Zim orthopaedic surgeon leads fight against clubfoot

Flora Fadzai Sibanda, florafadzaisibz@gmail.comOR Dr Tracern Mugodo (34), Zimbabwe’s first female orthopaedic surgeon as well as a leading figure in the country’s fight against clubfoot, studying medicine has always been a childhood dream. 

Hers is a story of courage, determination, and passion to follow her path. Despite the hardships for women to break into this field, Dr Mugodo didn’t lose the determination to live her dream.

As Zimbabwe joins the rest of the world in celebrating International Women’s Day, Dr Mugodo offered to share her inspirational journey as she’s blasted through stereotypes in a predominantly male field. 

Growing up, her family ran a small slaughterhouse, and from the age of eight, she used to tag along to help her father prepare cattle for the chopping block for their butcheries. It sparked a lifelong fascination with anatomy.

Dr Mugodo always knew she wanted to be an orthopaedic surgeon and has not stopped striving to break the mould in a male-dominated field. By the time she began doing practical exercises at medical school, she found that her experiences at the slaughterhouse had left her in good stead. 

“Generally, people regard orthopaedics as man’s work because it requires strength to hold the bones and use all the equipment,” she says, adding that even her friends at medical school questioned whether her decision to go into orthopaedics was realistic. 

“But I told them they’ll just have to wait and see. It’s what I want and I’m going to do it.”

Today, her schedule is a busy one that includes working as a surgeon in the country’s largest health institution — Parirenyatwa Group of Hospitals — while also working for a small private practice. 

An orthopaedic is a medical provider who specialises in diagnosing, treating, and preventing diseases and injuries that affect the musculoskeletal system (bones, muscles, joints, and other connective tissues). An orthopaedic is also known as an orthopaedic doctor, orthopaedic physician, or orthopaedic surgeon.

Dr Mugodo, who hails from Manicaland Province, is a clinical manager for the Zimbabwean Sustainable Clubfoot programme.

She also does humanitarian work at different hospitals like St Luke’s in Lupane and Karanda Mission Hospital in Mt Darwin where she does surgical outreaches.

 “Deciding to be an orthopaedic was not a very easy decision as l had doubts along the way because of the pressure that was there.

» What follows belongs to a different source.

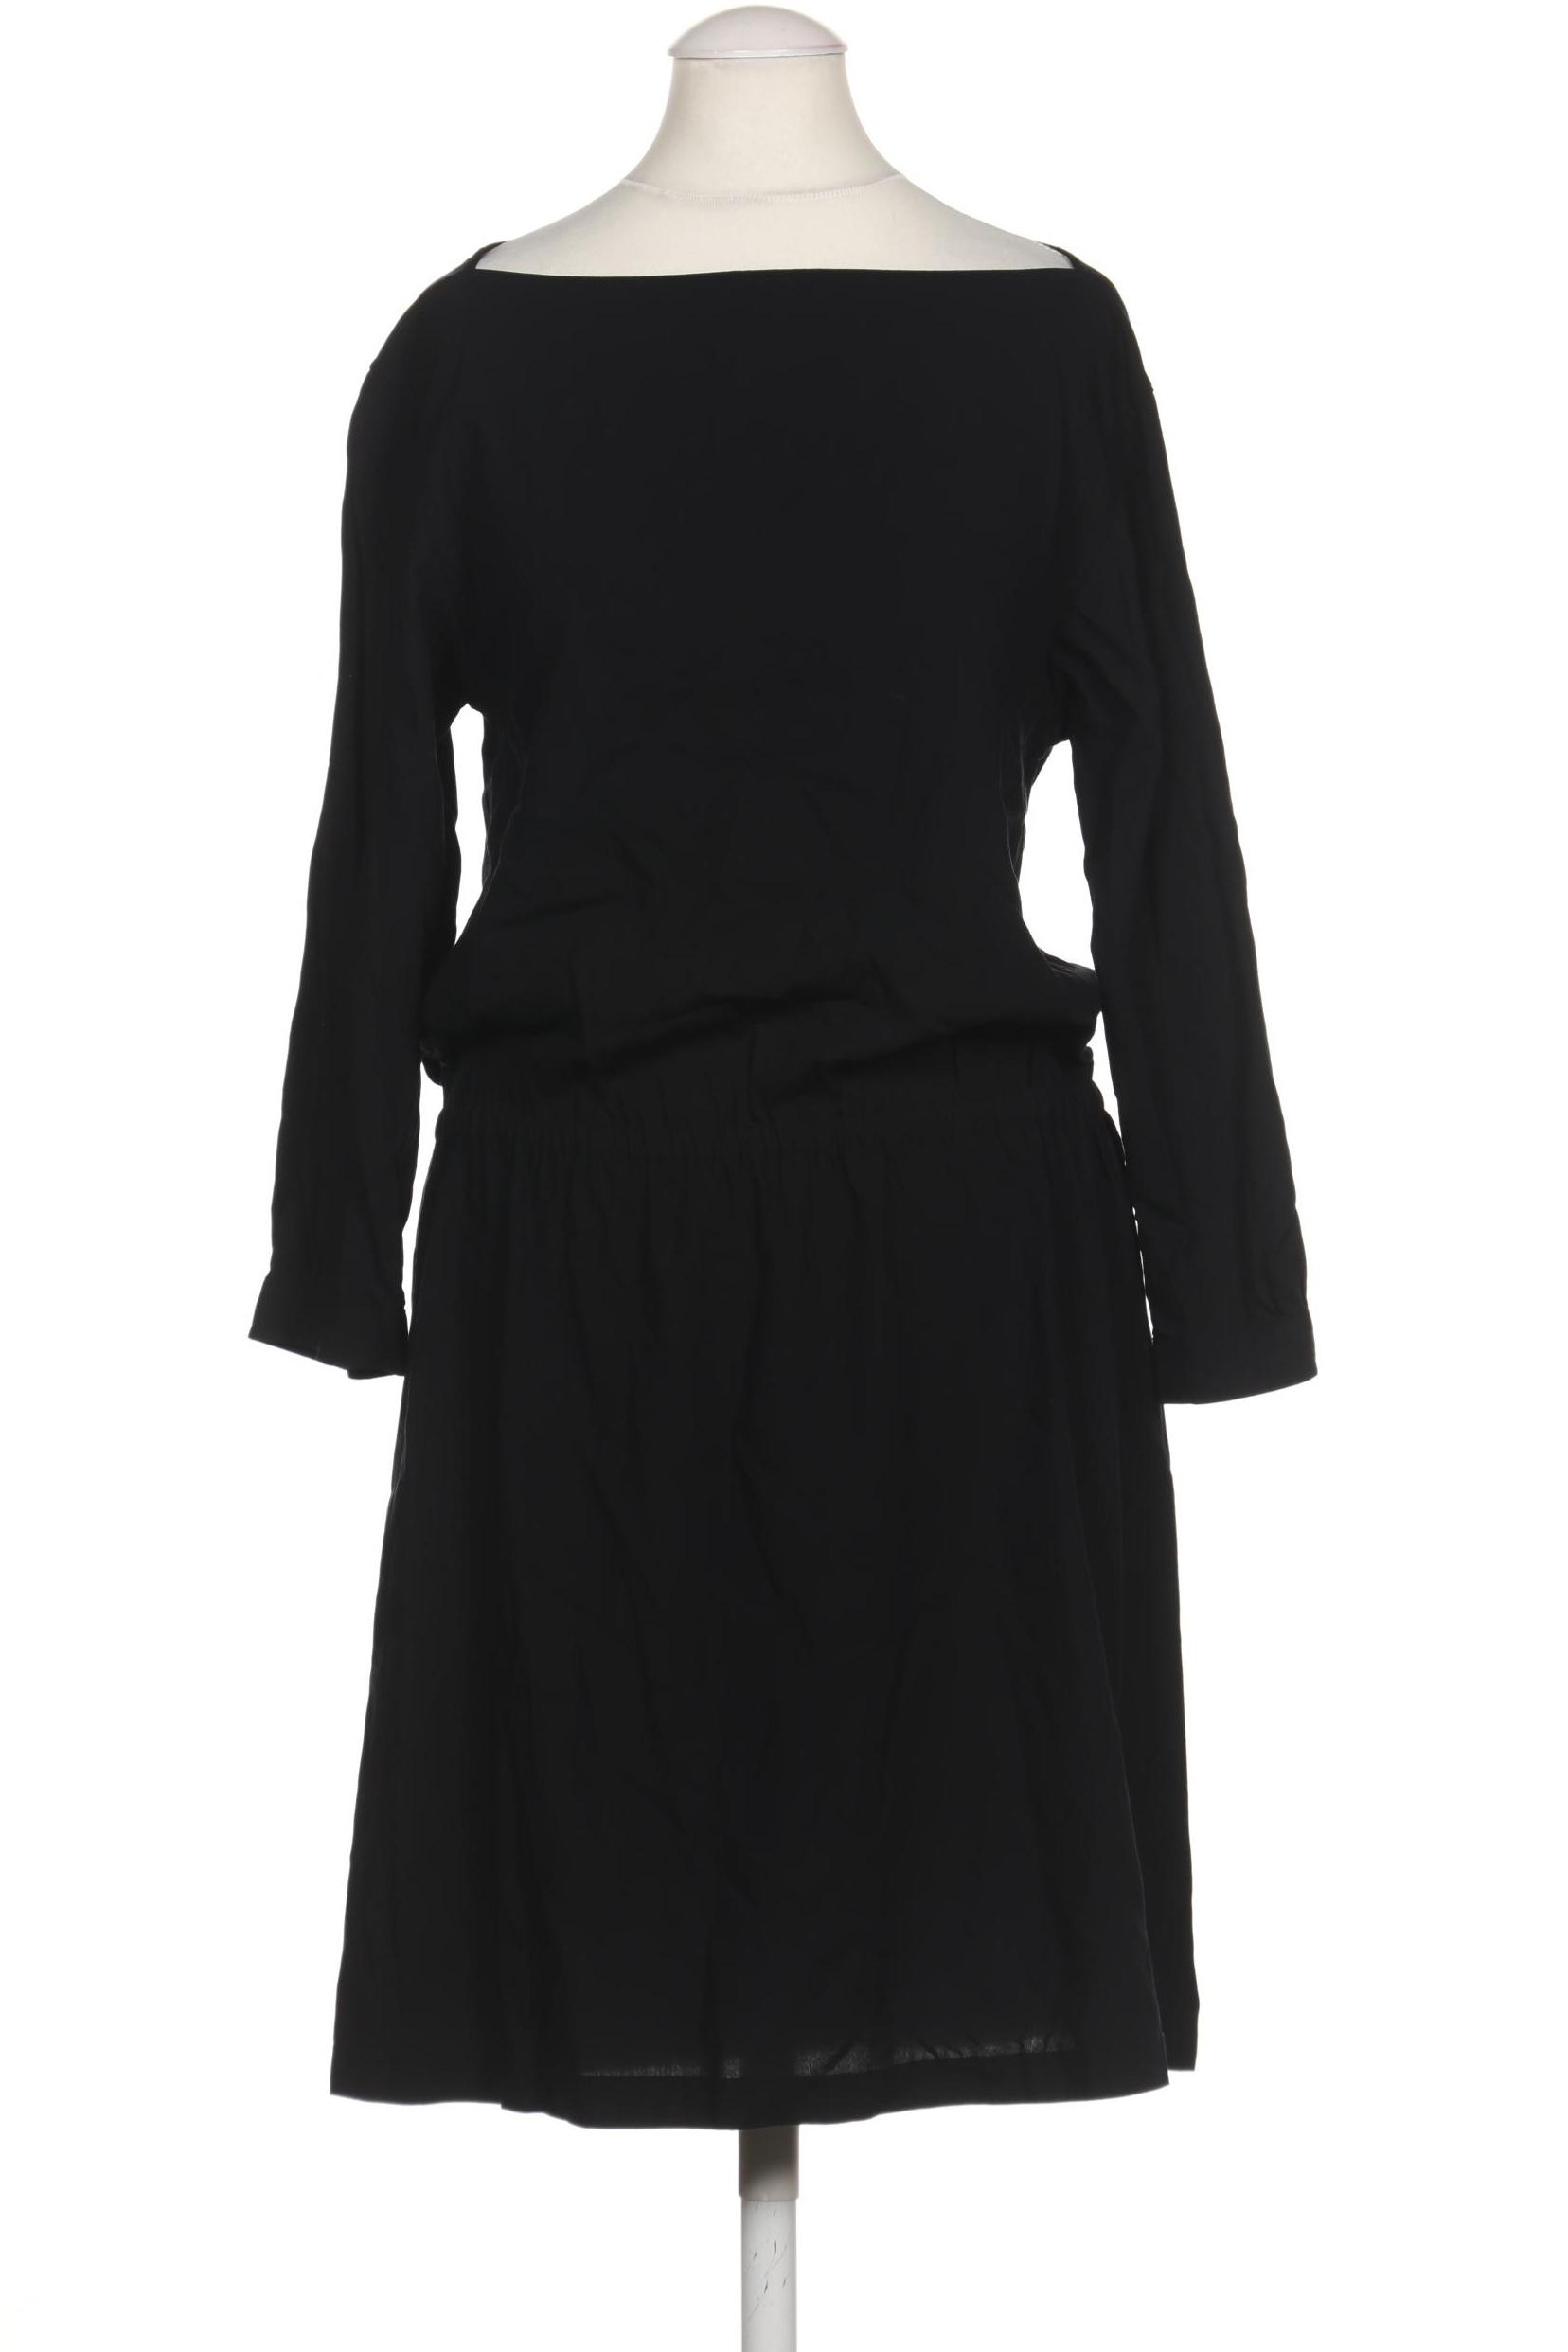 uniqlo Damen Kleid, schwarz, Gr. 34 von uniqlo

People would always tell me the field was not meant for a woman and it would break me,” said Dr Mugodo.

“However, because of the great support system that I had around me, particularly my male colleagues I was studying with made sure that I felt motivated and did not lose focus.”

After finishing her undergraduate degree at the University of Zimbabwe, Dr Mugodo did her fellowship in orthopaedic and trauma surgery with the College of Surgeons East, Central and Southern Africa (COSECSA). 

Thereafter, she proceeded to do an AO fellowship in spine surgery with the University of Cape Town in South Africa. She is a member of the Women in Orthopaedics South Africa: American College of Surgeons as an associate fellow and Women in Surgery Africa.

“I remember when l had my first surgery I was very excited because, like I said, I have always wanted to do this,” said Dr Mugodo.

“People have often expected surgeons especially those in my field to be men, so I sometimes get questions like are you really a doctor or just a nurse working here?” 

Dr Mugodo said when she first started her journey her staff and workmates were reluctant to take orders and instruction from her, as they all saw a young girl.

“I have many humanitarian awards because of the work that I do. Clubfoot correction is rather close to my heart because of the positive results that it brings which everyone else can see. That is why I enjoy working there and changing lives,” she said.

“I decided to join the fight against clubfoot after seeing how much of a great impact it brings to communities when their children have been healed.” 

Dr Mugodo said she did not just stop there. She has also taught several doctors about Ponseti clubfoot treatment. 

The Ponseti method consists of a specific technique of manipulation of the clubfoot deformity, followed by the application of a plaster cast with the foot in the corrected position.

A club foot is a birth defect in which the foot is twisted out of shape or position. While the causes are unknown, the defect can be corrected if detected early.

 “My motto has always been if you love something and think it’s doable just go for it. So, this would also be my advice to other women, especially young people who are still trying to figure out what career path they want,” said Dr Mugodo.